Karachi: tre ragazze cristiane rapite in tre settimane

Ancora sequestri a scopo di matrimonio forzato e conversione all’islam ai danni delle minoranze. Due di questi rapimenti sono avvenuti a distanza di una settimana nello stesso quartiere. L’appello della madre di una delle ragazze: “Il premier Imran Khan e il governo locale intervengano contro questi delinquenti”.

Karachi (AsiaNews) – Tre ragazze cristiane state rapite nell’arco di tre settimane. È il nuovo triste bilancio del fenomeno dei sequestri a scopo di matrimonio forzato, divenuto un vero e proprio incubo per le minoranze del Paese.

L’ultimo caso in ordine di tempo è quello di Merab, una ragazza di 15 anni è la seconda vittima in pochi giorni di un sequestro a Karachi, in una vasta area chiamata Orangi Town popolata da circa 1200 famiglie cristiane. “Mia figlia è minorenne ed è innocente”, denuncia Sumaira, la madre della ragazza rapita il 7 marzo 2022 da un pregiudicato di nome Noman. Finora sono stati arrestati tre complici, ma non il rapitore e Merab è ancora con lui. “Chiediamo al primo ministro Imran Khan e al governo del Sindh, di intraprendere un’azione seria contro i delinquenti. Noman ci sta minacciando e ha detto che nessuno può fare nulla contro di lui”, continua la donna che ha chiesto anche a tutti i cristiani di pregare per sua figlia, affinché possa tornare a casa sana e salva. 

Poco più di una settimana prima, il 25 febbraio nello stesso quartiere, era stata rapita Mariam, un’altra ragazza di 18 anni. È scomparsa mentre si stava recando al suo centro di formazione presso l’ospedale Bakai. Studentessa brillante del secondo anno di ostetricia, dava una mano preziosa alla madre vedova e ai suoi fratelli e sorelle minori.  Non aveva relazioni con nessun ragazzo, diceva persino alla sorella maggiore di non parlare con gli estranei perché “non ci si può fidare di nessuno in questi giorni”.

C’è poi il caso di Persicla, una terza ragazza cristiana di 15 anni rapita, questa volta davanti ai suoi genitori nella sua casa di Sumundhari, a Faisalabad. Dilawar, il padre della minorenne, ha detto che stavano dormendo nella loro stanza quando un uomo musulmano, Muhammad Qasim, ha fatto irruzione in casa loro e, dopo averla rapita, li ha minacciati di morte se avessero informato qualcuno.

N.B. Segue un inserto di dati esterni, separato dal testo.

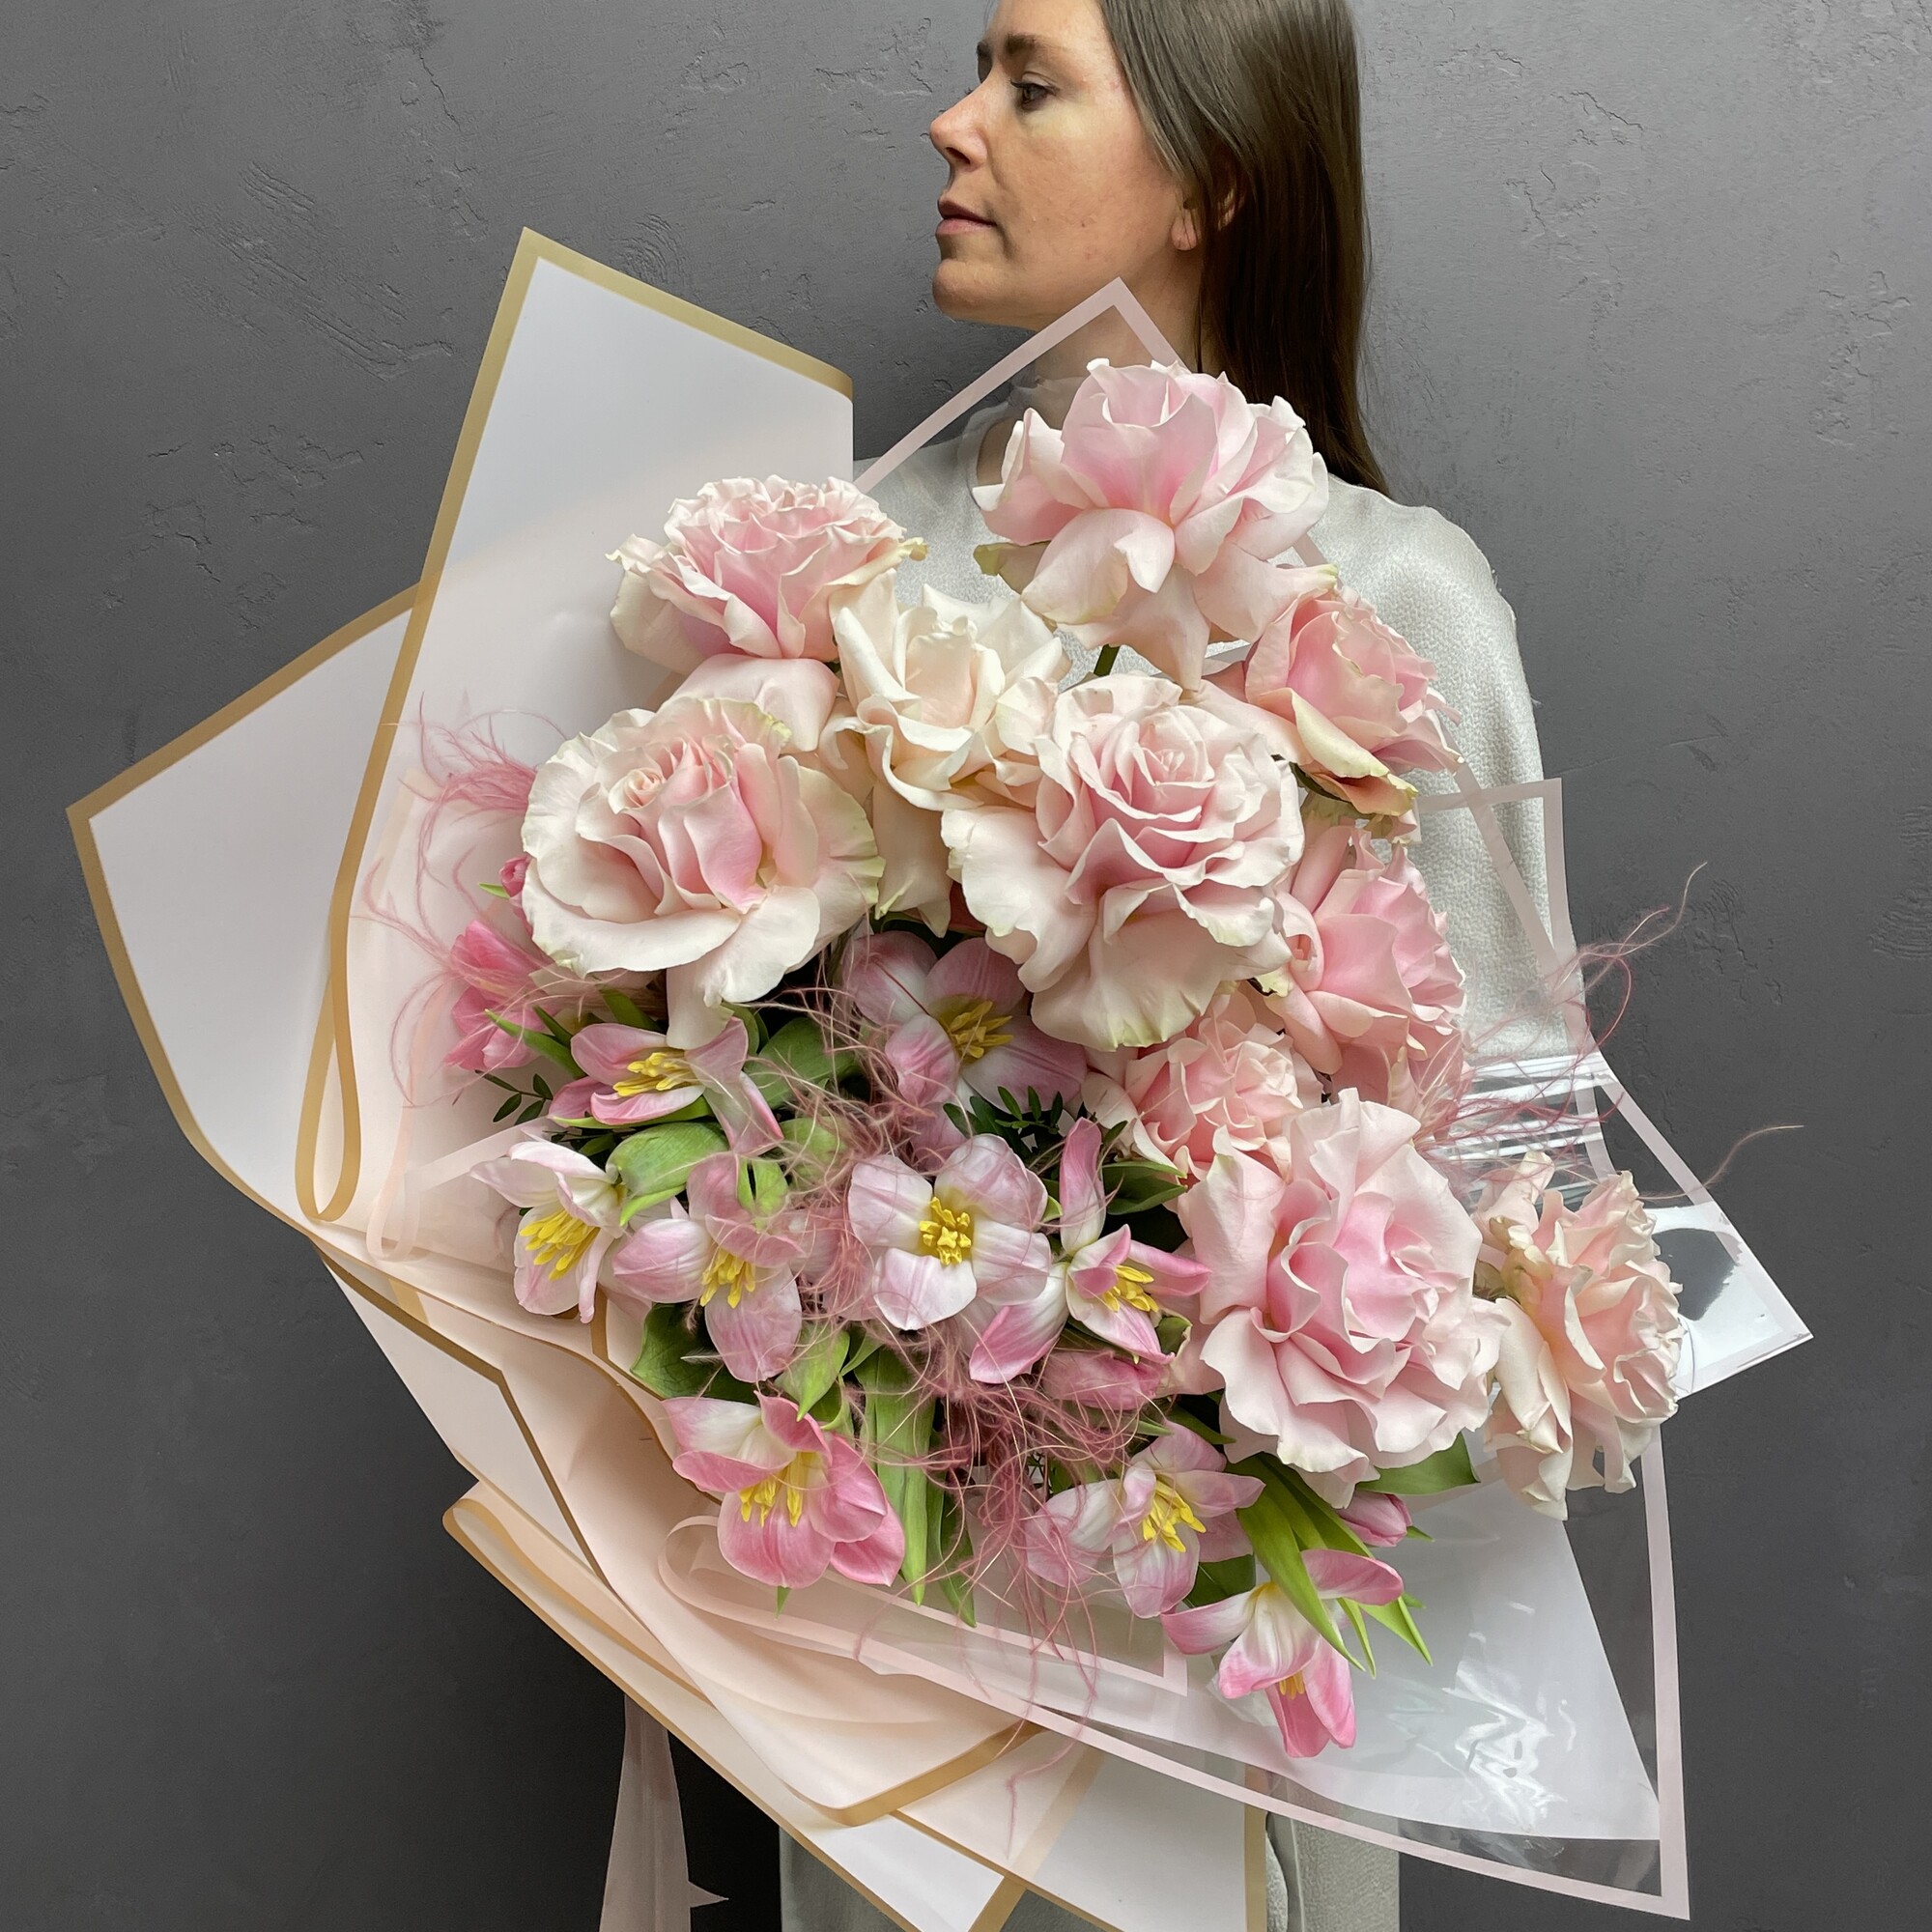 Романтичный авторский букет в нежных тонах из свежих тюльпанов и французких роз "ПАРИ ДРИМ"

Secondo Naveed Lazar, attivista per i diritti umani e segretario all’informazione della Pakistan Christian Association, negli ultimi mesi 7 ragazze cristiane sono state rapite dalla stessa zona di Orangi Town e circa 120 ragazze sono state forzatamente convertite all’islam negli ultimi cinque anni. Azioni violente che prendono di mira soprattutto le famiglie più povere. Lazar ha condannato questi episodi crescenti, chiedendo alle autorità di agire immediatamente e fornire loro sicurezza.